In Heller v. Cepia, Judge Jeffrey White sanctioned the plaintiff’s attorney under Rule 11 and ordered him to pay the defendant $5,000. This week, the 9th Circuit affirmed. Both the district court’s and 9th Circuit’s opinions are linked below.
The plaintiff designed a toy hamster and shared a prototype with one of the defendants. While the opinion below doesn’t discuss the facts in detail, apparently the defendants allegedly stole the plaintiff’s toy hamster design.

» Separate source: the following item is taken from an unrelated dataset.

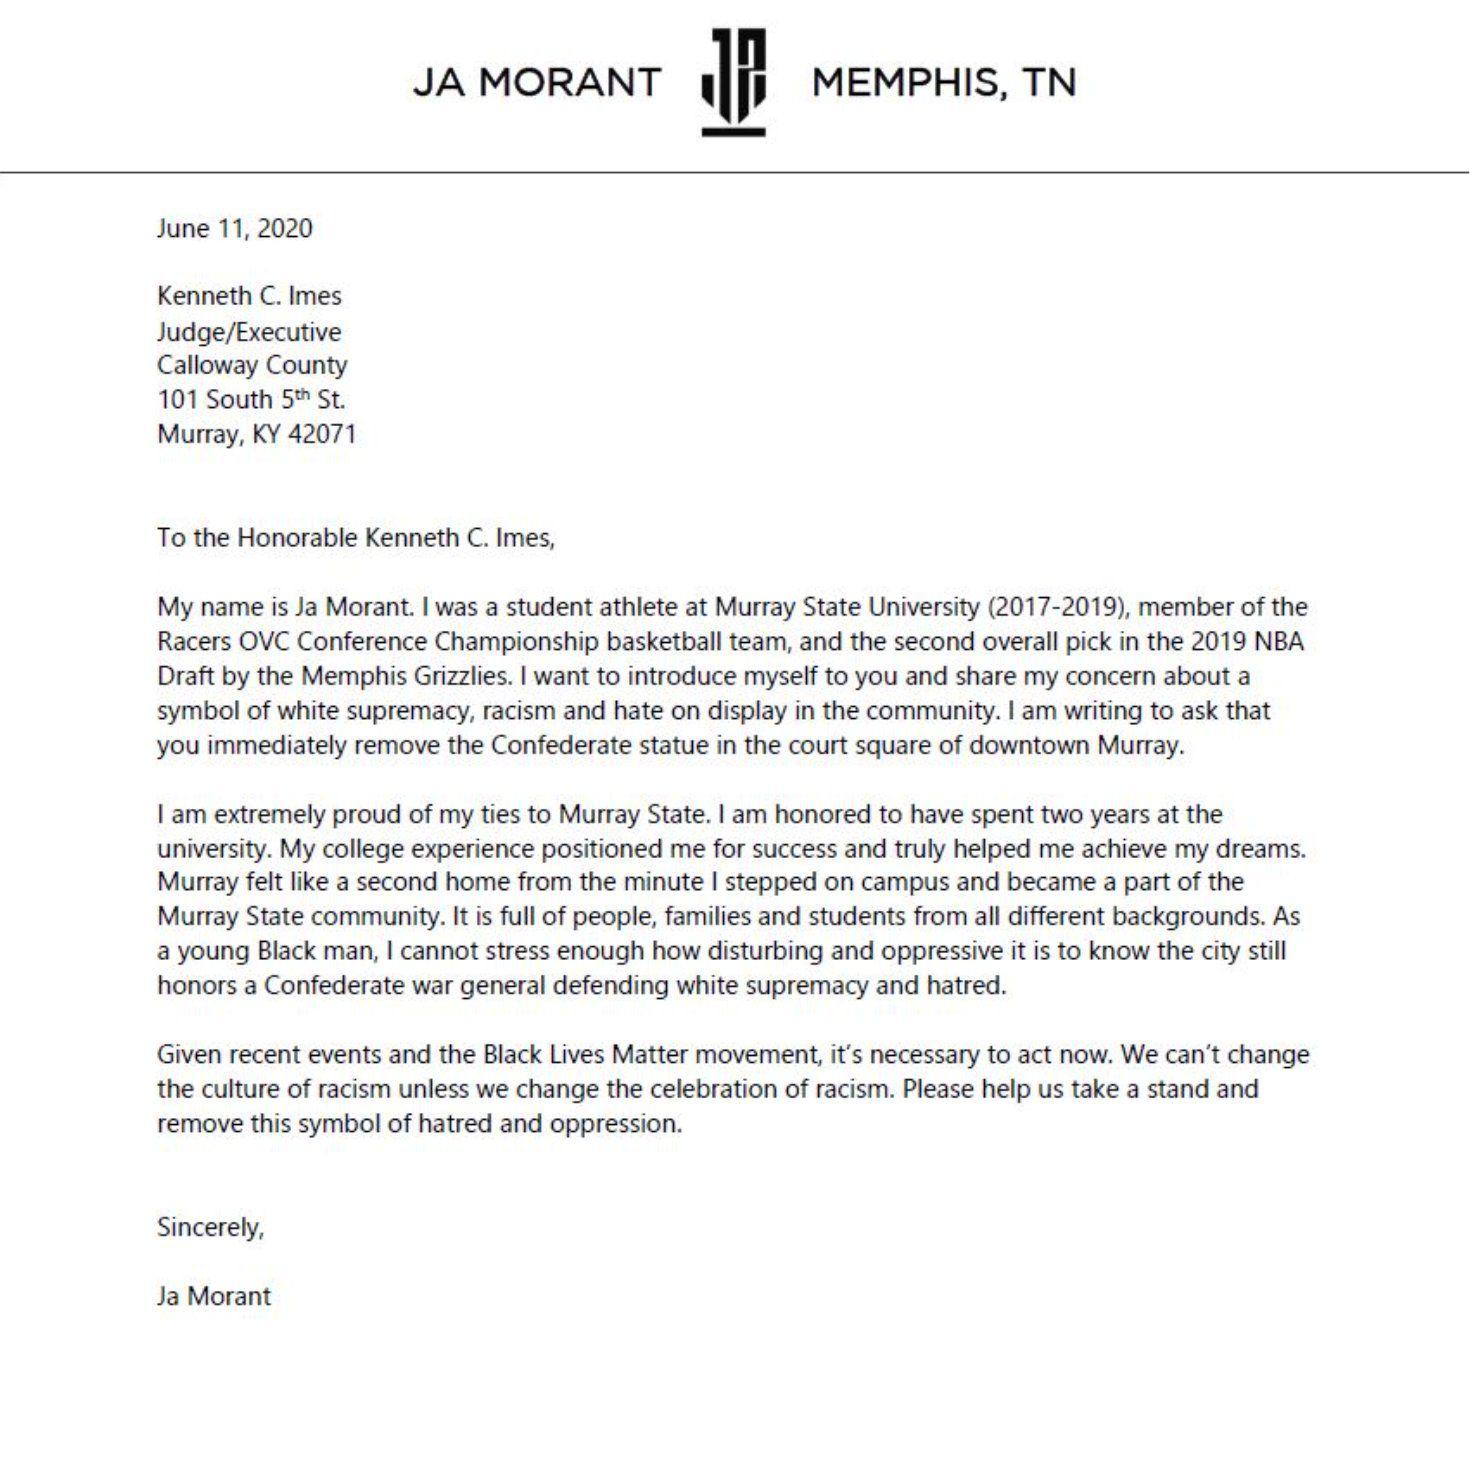 Ja Morant veut que l'on retire la statue du général Robert E. Lee

Trade secrets come in all shapes and sizes.
The court found that two allegations in the complaint lacked a factual basis: (1) sign-in sheets produced by a defendant (The Bean) appeared to confirm that representatives of another defendant (Cepia) were at The Bean’s offices at a time when The Bean had the hamster prototype, and (2) when confronted with information suggesting Cepia was given access to the plaintiff’s trade secrets, the other defendants refused to provide information about their relationship with Cepia.
Regarding the sign-in sheets, the evidence showed that The Bean simply did not produce any sign in sheets for the week in question. Per the court, the plaintiff went too far when it alleged that the sign-in sheets confirmed Cepia’s presence: “contrary to the implication of Heller’s allegation, The Bean’s sign in sheets do not confirm anything.” (emphasis in original).
Regarding the defendants’ refusal to provide information, the court found that “there is no credible evidence to support Heller’s allegation.”
When imposing sanctions, the court found that “the nature of these unsupported allegations stem from exaggerations for which Heller’s counsel is culpable. He is the one who drafted the complaint and the allegations at issue.”
Lawyers sometimes get carried away when drafting a complaint. Obviously, everyone wants their case to sound as strong as possible. But this case shows the value of being conservative when describing the facts in a pleading.